Source material.
============

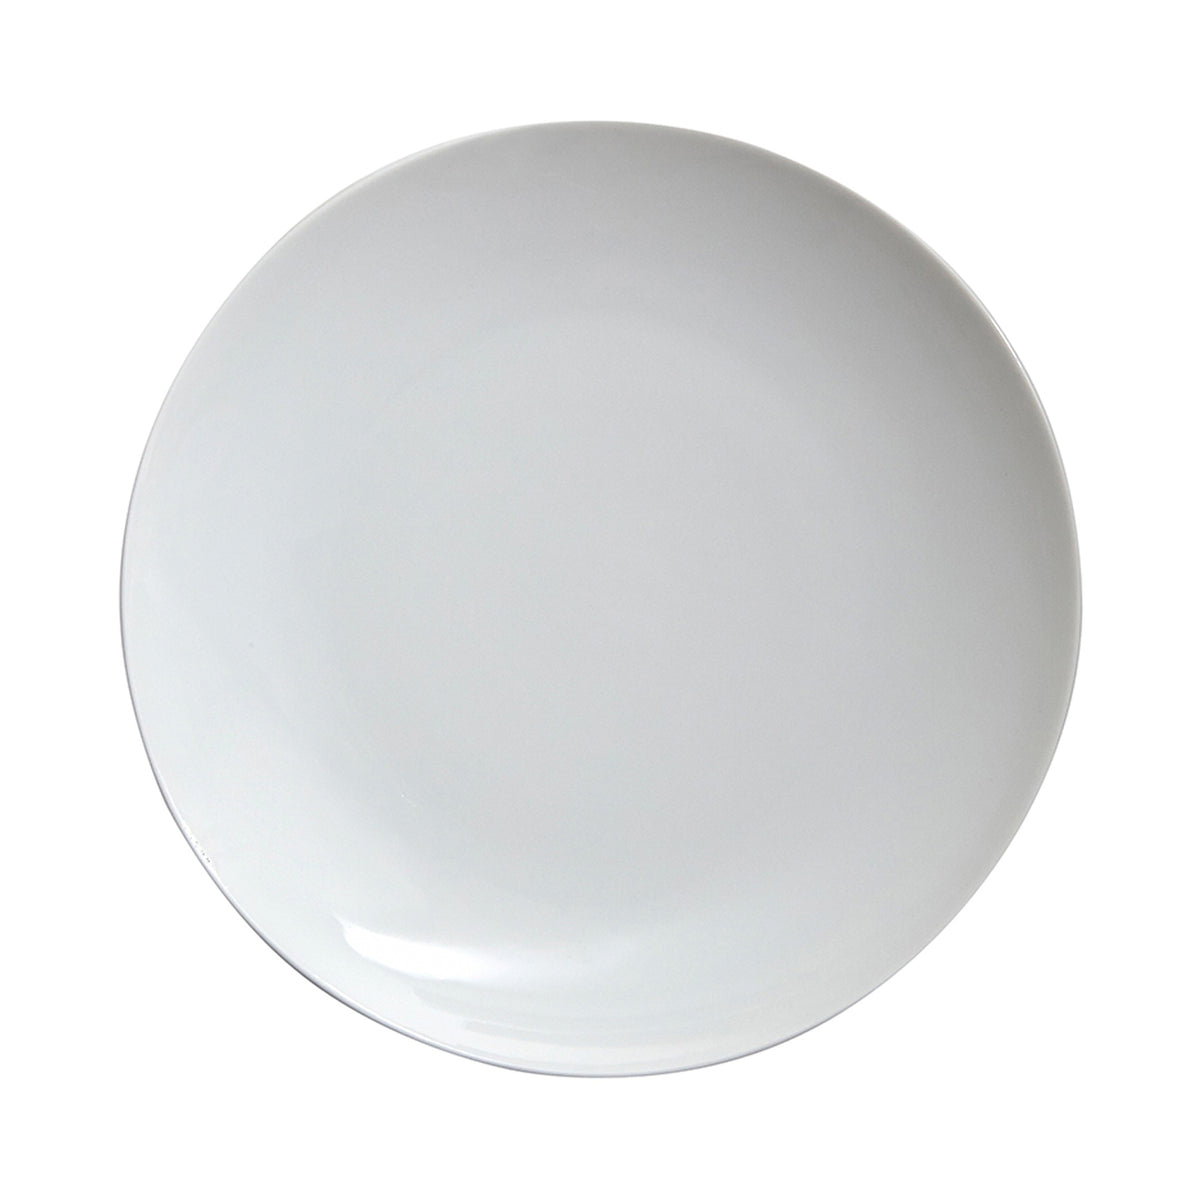 Medaillon White Porcelain Dinner Plate
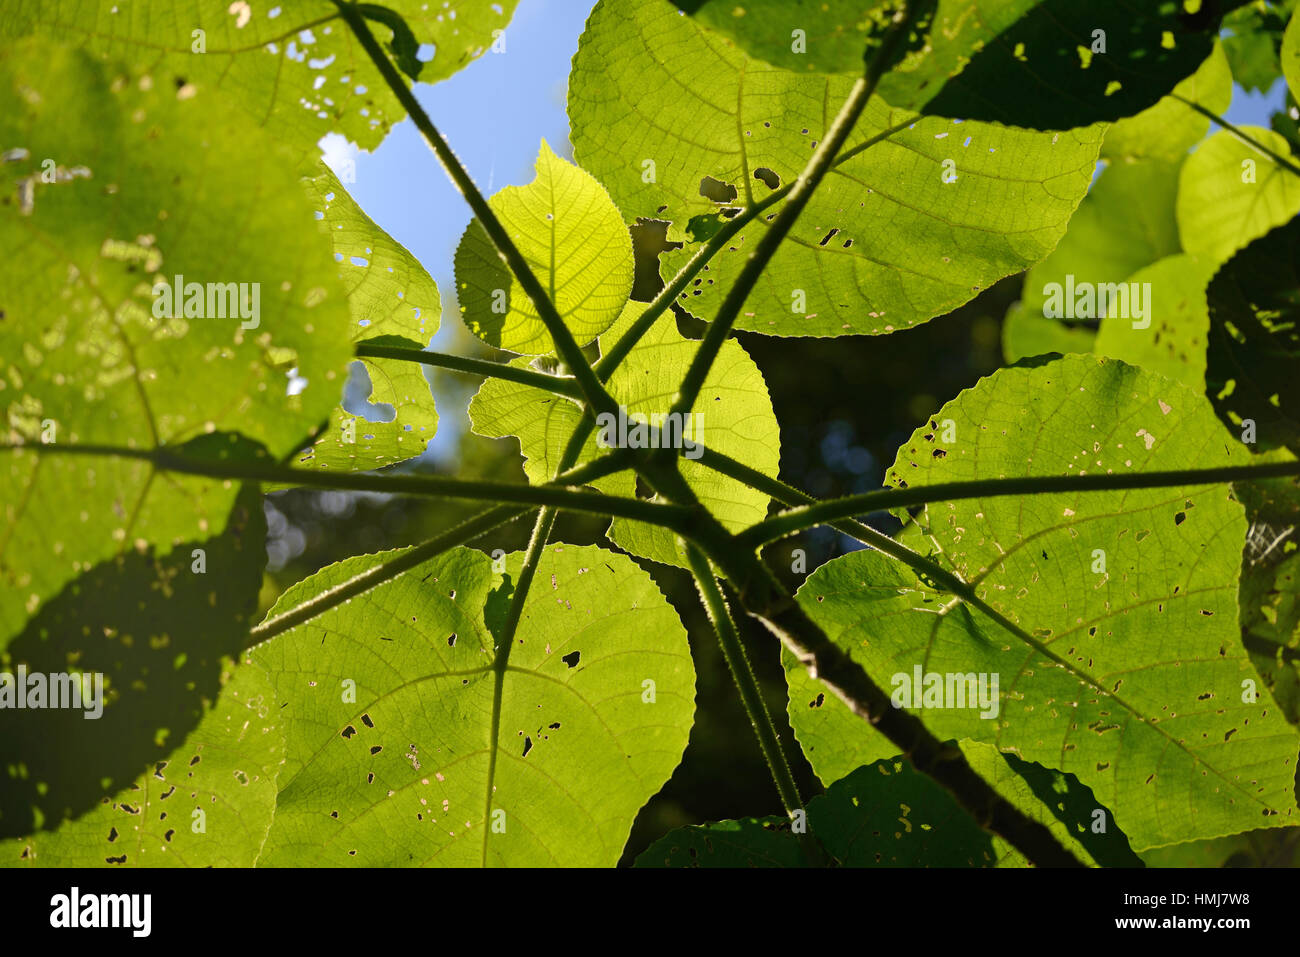 Hintergrundbeleuchtung auf Blätter des furchterregenden Riesen Baum, Dendrocnide Excelsa, auch als australische Brennnessel Baum, Fibrewood, Gimpi Gimpi stechen, Stockfoto
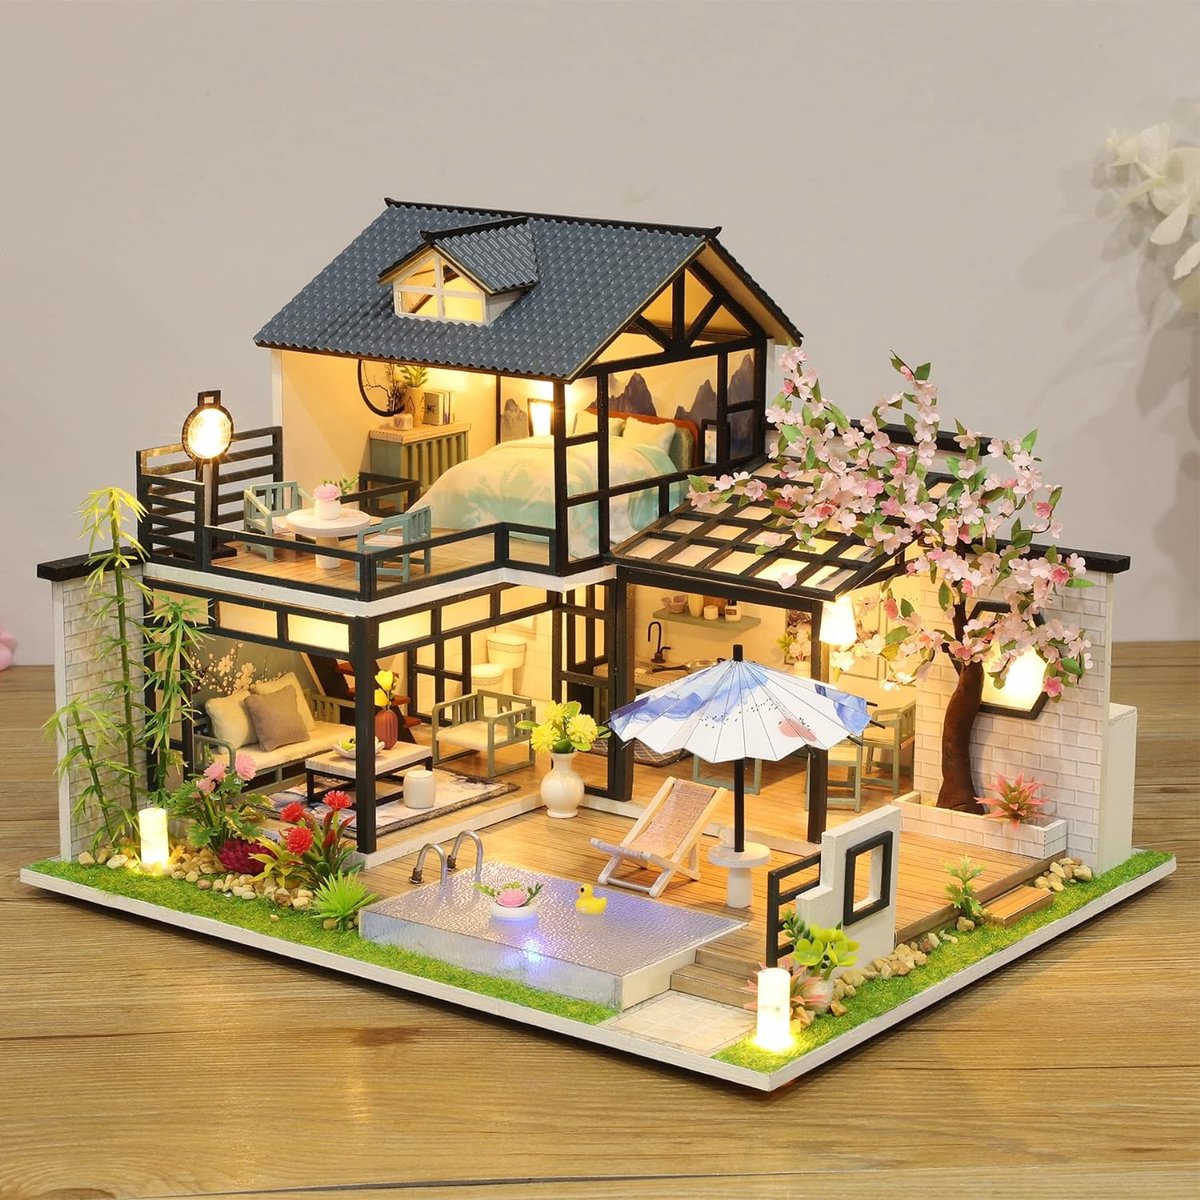 Miniatuur Poppenhuis Kit om DIY Poppenhuis Kit met Meubilair te bouwen Muziek DIY Miniatuur Huis Kit met Gereedschap Maak je eigen Craft House Model (Poëtische binnenplaats)

============

Task to carry out. Retype each line above exactly. Leave the images out.

Result below.
 Medaillon White Porcelain Dinner Plate
 Hintergrundbeleuchtung auf Blätter des furchterregenden Riesen Baum, Dendrocnide Excelsa, auch als australische Brennnessel Baum, Fibrewood, Gimpi Gimpi stechen, Stockfoto
 Miniatuur Poppenhuis Kit om DIY Poppenhuis Kit met Meubilair te bouwen Muziek DIY Miniatuur Huis Kit met Gereedschap Maak je eigen Craft House Model (Poëtische binnenplaats)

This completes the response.